Rebecca Nakayisa Kibirige, mother of the deceased, thanked everyone who gave in physical, spiritual as well as financial assistance to help her fallen daughter.
She added that for the time she had spent with her in hospital, she noticed that cancer means pain and high financial expense due to its costly treatment.
She expressed her gratitude to doctors who gave their all, adding, “we can’t begin questioning God’s plan for Rosemary.”
The mother narrated that she insisted that her daughter returns home during last year’s Christmas so that they can try alternative medical treatment here in Uganda.
She said “the Rosemary I received at the airport was very different, her bones were weakened.”
Mrs Nakayisa said Nankabirwa was always complaining that her mother and close friend Rhoda were holding her at Mulago Cancer Institute yet she needed to be released.
On her flight to Nairobi over the weekend, said Nankabirwa’s mother, the deceased tried to sing her favourite gospel song, ‘Says Yes’ by Michelle Williams, but instead changed to ‘When Jesus says no, nobody can say Yes’.
Hon. Ruth Nankabirwa who represented government said she was shocked at the news about her namesake’s illness because it was abrupt.
”Like a rose, she was very charming but still very tough (strong) like the thorns of a rose,” the government Chief whip added.
She called on mourners to make it a habit to go for routine checkups as opposed to the usual tendency of going to see doctors after falling sick.
Hon. Nankabirwa also highlighted that not all hope is lost because there are many testimonies of people who have recovered from the various types of cancer.
She said government is in plans of establishing a Cancer Institute of excellence in the region in addition to expanding Mulago Referral Hospital.

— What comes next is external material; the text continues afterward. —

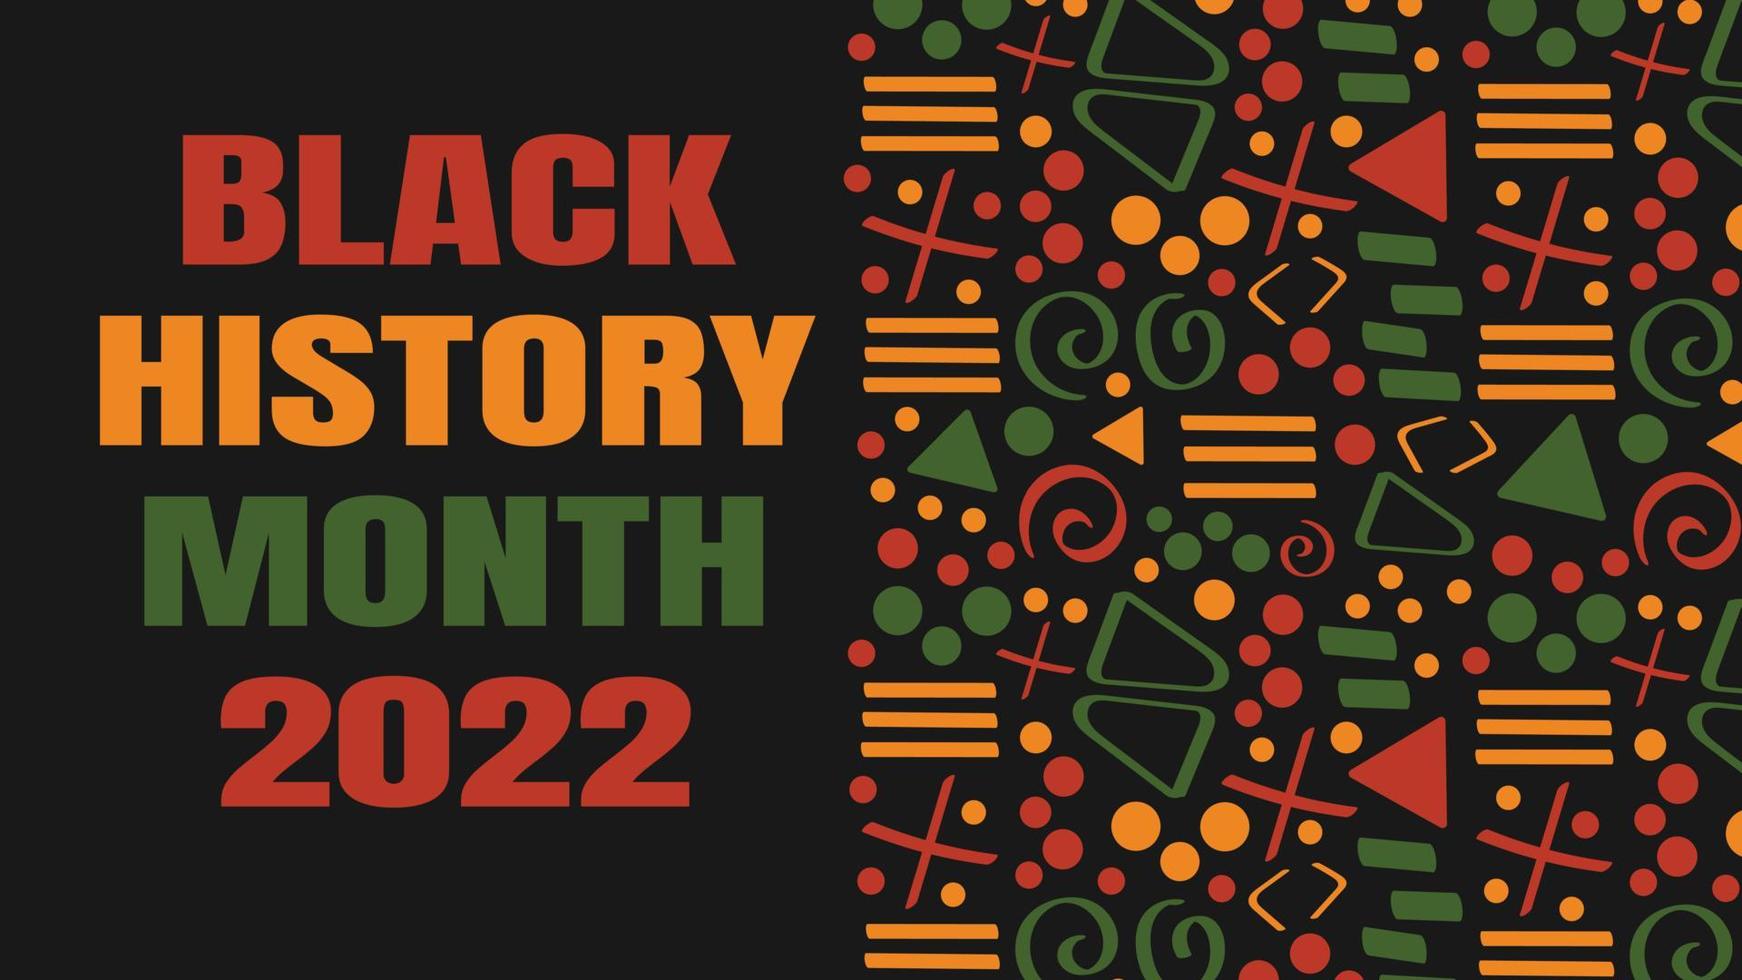 zwarte geschiedenis maand 2022 banner met tribal Afrikaanse patroon ornament - rood, geel, groen. achtergrond voor banner, briefkaart, flyer vector design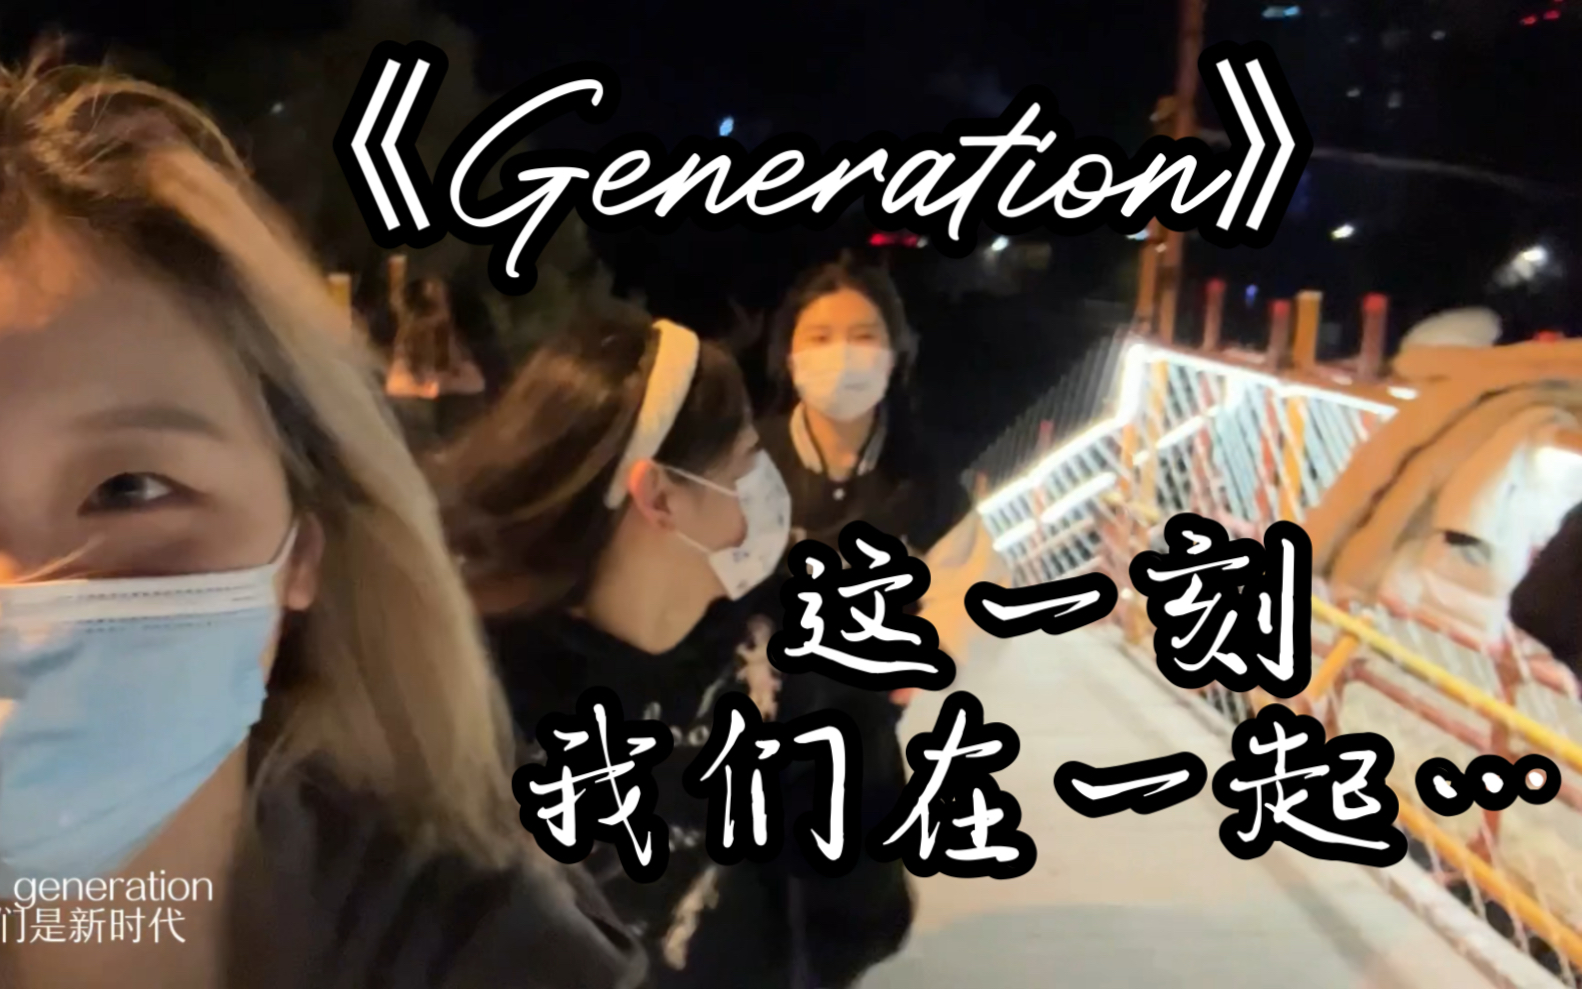 【Generation】“这一刻我们在一起”

Nankabirwa was born on January 4, 1978 to Rebecca and Brian Kibirige. She attended Kenya School of Professionalism and Andrew Crawford School of Journalism in Kenya.
She returned to Uganda at the beginning of 2005 and worked with various media houses, the latest being NTV Uganda up to 2011 when she went to the UK University of London where she was pursuing a Masters in Journalism and Communication.
There will be a night vigil on Monday night at their home in Kanyanya off Gayaza Road where public viewing of her body will take place.
On Tuesday, her body will be laid to rest in Kanoni along the Masaka – Kyotera Road.